Escucho estas doctrinas como si se tratara de una canción en inglés, que no entiendo pero me cautiva, y me acerco al personaje y dejo que sean sus actos lo que me de la información que en realidad busco. Es fascinante. Wittgenstein y el acto de renunciar a una fortuna, y el sorprendente entusiasmo con el que su generación abrazó la causa patriótica, en una guerra estúpida y devastadora, con la única excepción de su amigo Russell, cuyo pacifismo fue duramente criticado y le llevó a prisión. Algo parecido le pasó al compositor Benjamin Britten en la otra gran guerra del siglo XX.

Escogí el arte porque es otra manera de decir y la literatura porque también en el arte llegué a un callejón sin salida. Hoy, con setenta años, que es una edad provecta, he empezado a ir a clases de inglés, a ver si por fin entiendo algo.

Basilio Baltasar, en el primer párrafo de su artículo de La Vanguardia del 28 de mayo de 2022, nos advierte que Italo Calvino no quiso publicar Un optimista en América, una crónica sobre su viaje de seis meses por los Estados Unidos, en 1960, porque pensaba que era literariamente pobre y periodísticamente poco interesante. En aquel momento John Kennedy y Marilyn Monroe estaban vivos, muy vivos, y no había ninguna crisis de los misiles ni guerra del Vietnam que enturbiara la plácida autocomplacencia de un país que se consideraba elegido por Dios para redimir a la humanidad.

La confesada aversión del autor por los beatniks –“tienen un aspecto poco higiénico, son arrogantes y no pueden considerarse buenos vecinos”– expresa lo ajeno que se siente al esnobismo de las modas. Calvino admite su “deplorable falta de sensibilidad hacia quien prefiere andar mal vestido” y un franco desdén por sus obras literarias; cree ver además en estos movimientos culturales una impostura similar a la que rige cualquier otra farsa del gregarismo social. Calvino comenta su admiración por la espléndida belleza de los negros que siguen a Martin Luther King, nos cuenta que el free jazz racionaliza el “nerviosismo actual” y lamenta que el expresionismo abstracto sea una pintura cargada de consternación “ciega y vociferante”.
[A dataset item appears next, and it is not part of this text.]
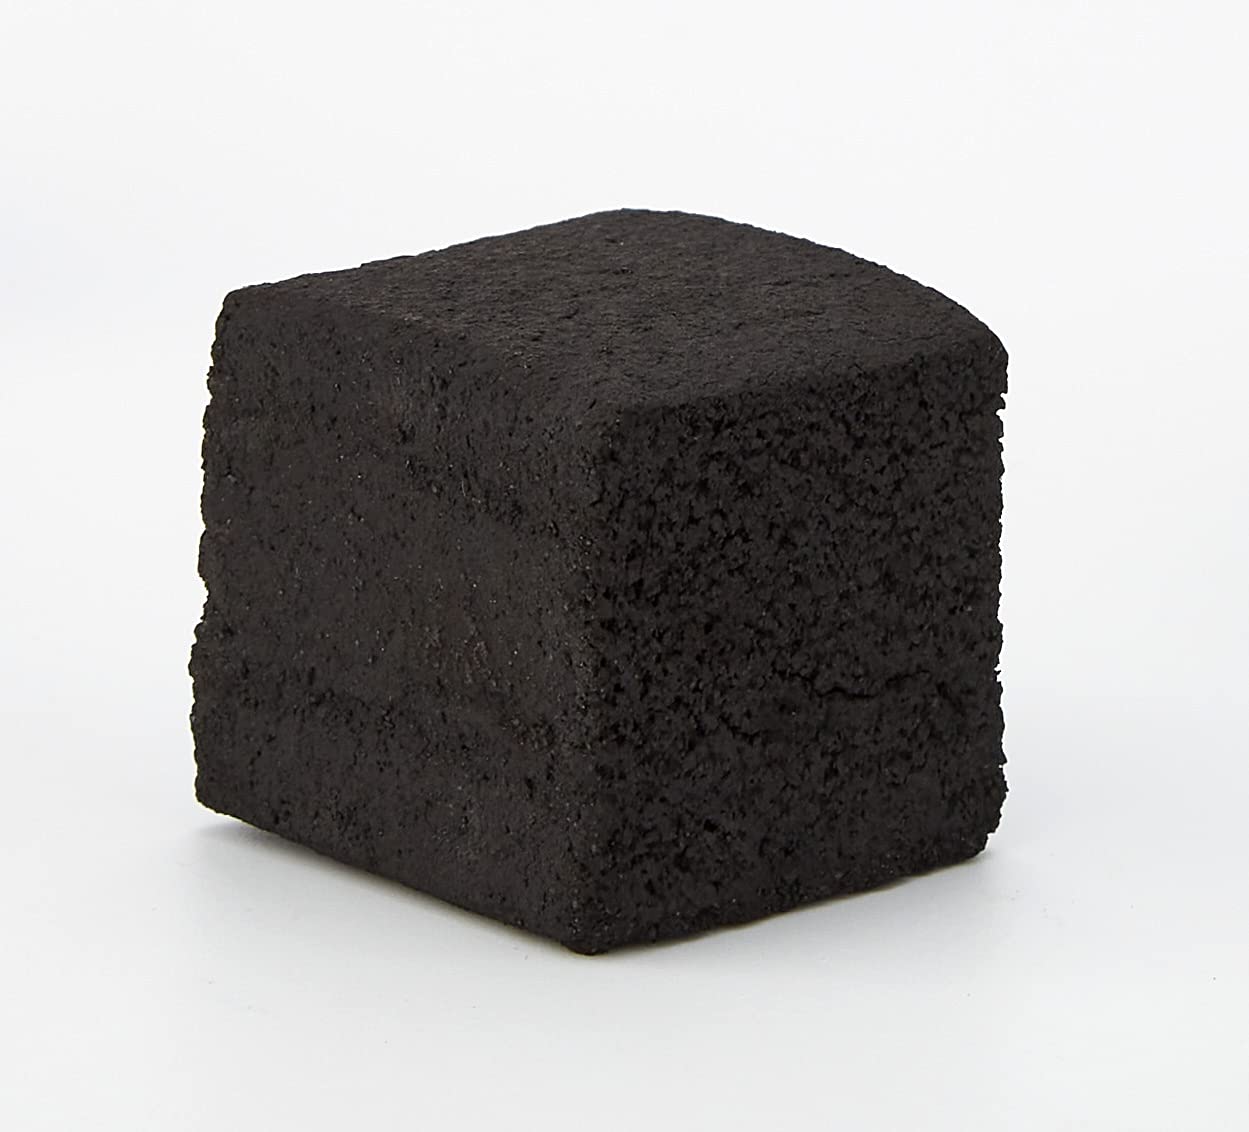 Tom Coco Gold Natural Cubes Coconut Charcoal Briquettes Carbon Shisha Hookah 1Kg
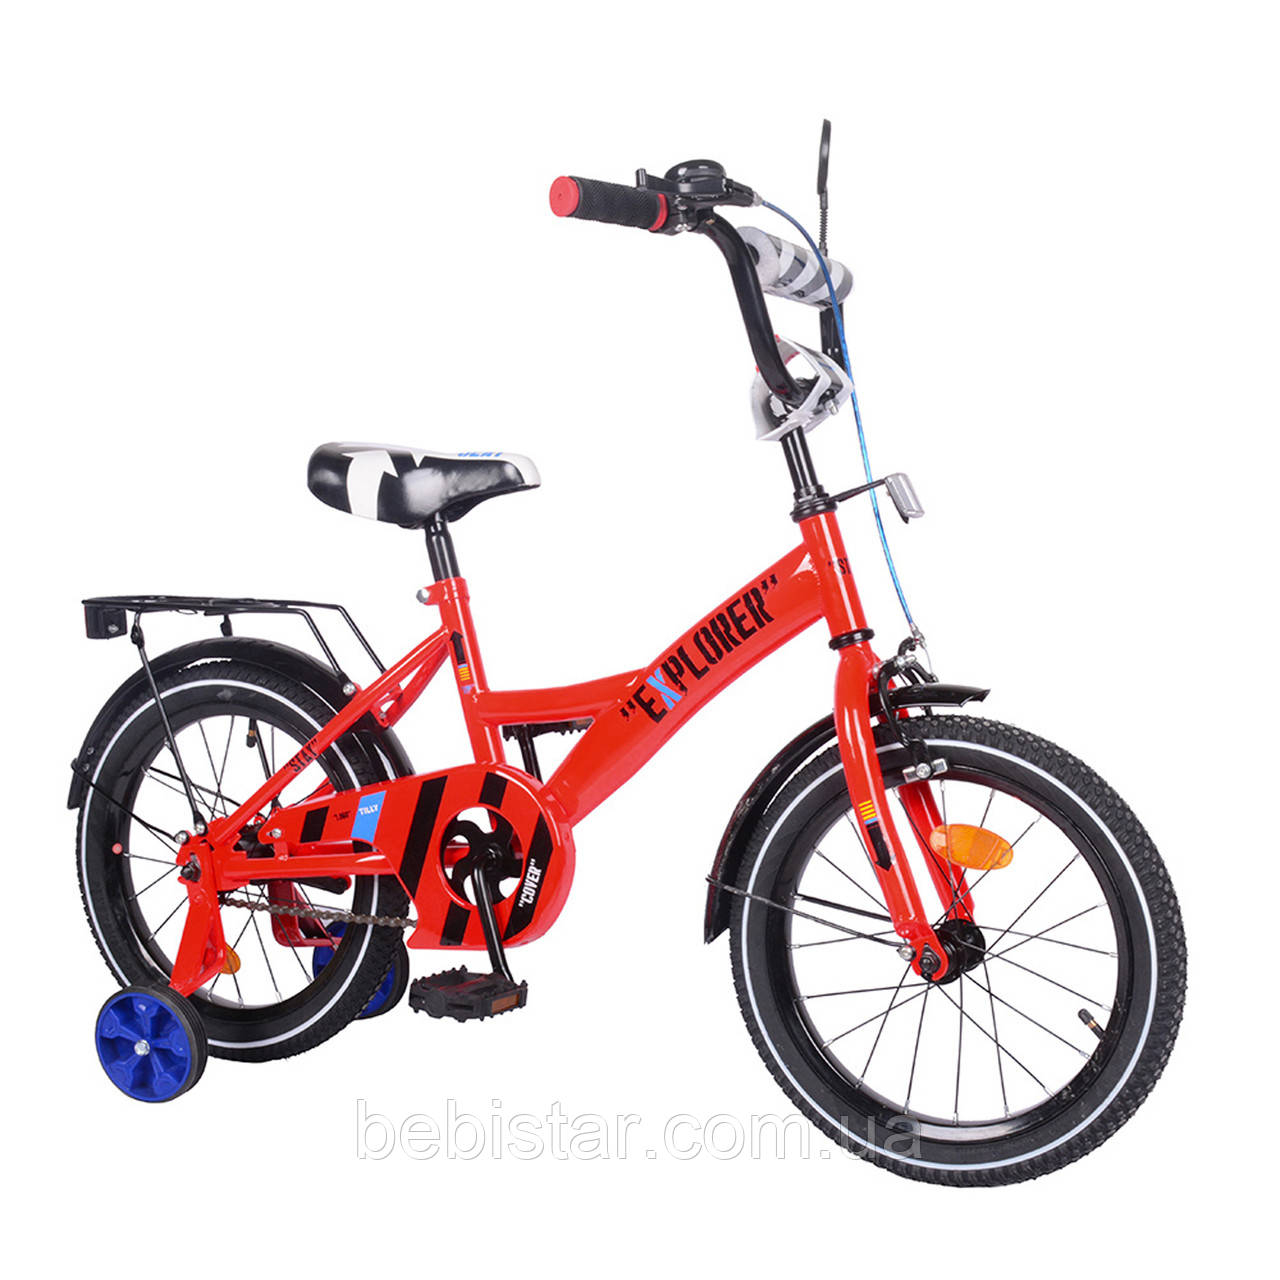 Детский двухколесный велосипед красный TILLY EXPLORER  16" звоночек, передний тороз для деток 4-6 лет

A mí los beatniks me caían bien, son primos hermanos de los hippies, con los que me identifiqué cuando era joven, porque cualquier actitud que implicara salirse del sistema me parecía bien –esencialmente sigo pensando lo mismo–, pero entiendo lo que quiere decir y aplaudo su manera pulcra y elegante de denunciar la brutal segregación racial de aquellos años; y la última frase, en la que define el expresionismo abstracto como una pintura cargada de consternación “ciega y vociferante” me parece muy buena. Hay otras maneras de verlo, desde luego, pero su voz es la de un intelectual culto y sensible. Sesenta y dos años más tarde, el arte contemporáneo sigue teniendo un destacado protagonismo en nuestra vida cultural y analizándolo con esa perspectiva la primera palabra que me viene a la cabeza no es “excitante” ni “apasionante”, es “consternado”.

En Elogio del fracaso la voz del narrador es la de un artista desconocido, que sin embargo parece muy seguro de sí mismo. Eso es debido a la fe irracional que acompaña indefectiblemente a todos los procesos creativos; sin ella nadie estaría dispuesto a sacrificar tanto con unas perspectivas profesionales tan desfavorables. La apuesta por la intemporalidad lo hace todavía más difícil, la contemporaneidad es un lugar más fértil donde volcar el talento, porque el retorno es más fácil, es lo que tiene el gregarismo del que habla Calvino, pero como él también dice produce obras de dudosa calidad. Pasada la moda, la obra se desvanece, poco a poco, barrida por el viento del olvido. Y yo quiero trascender.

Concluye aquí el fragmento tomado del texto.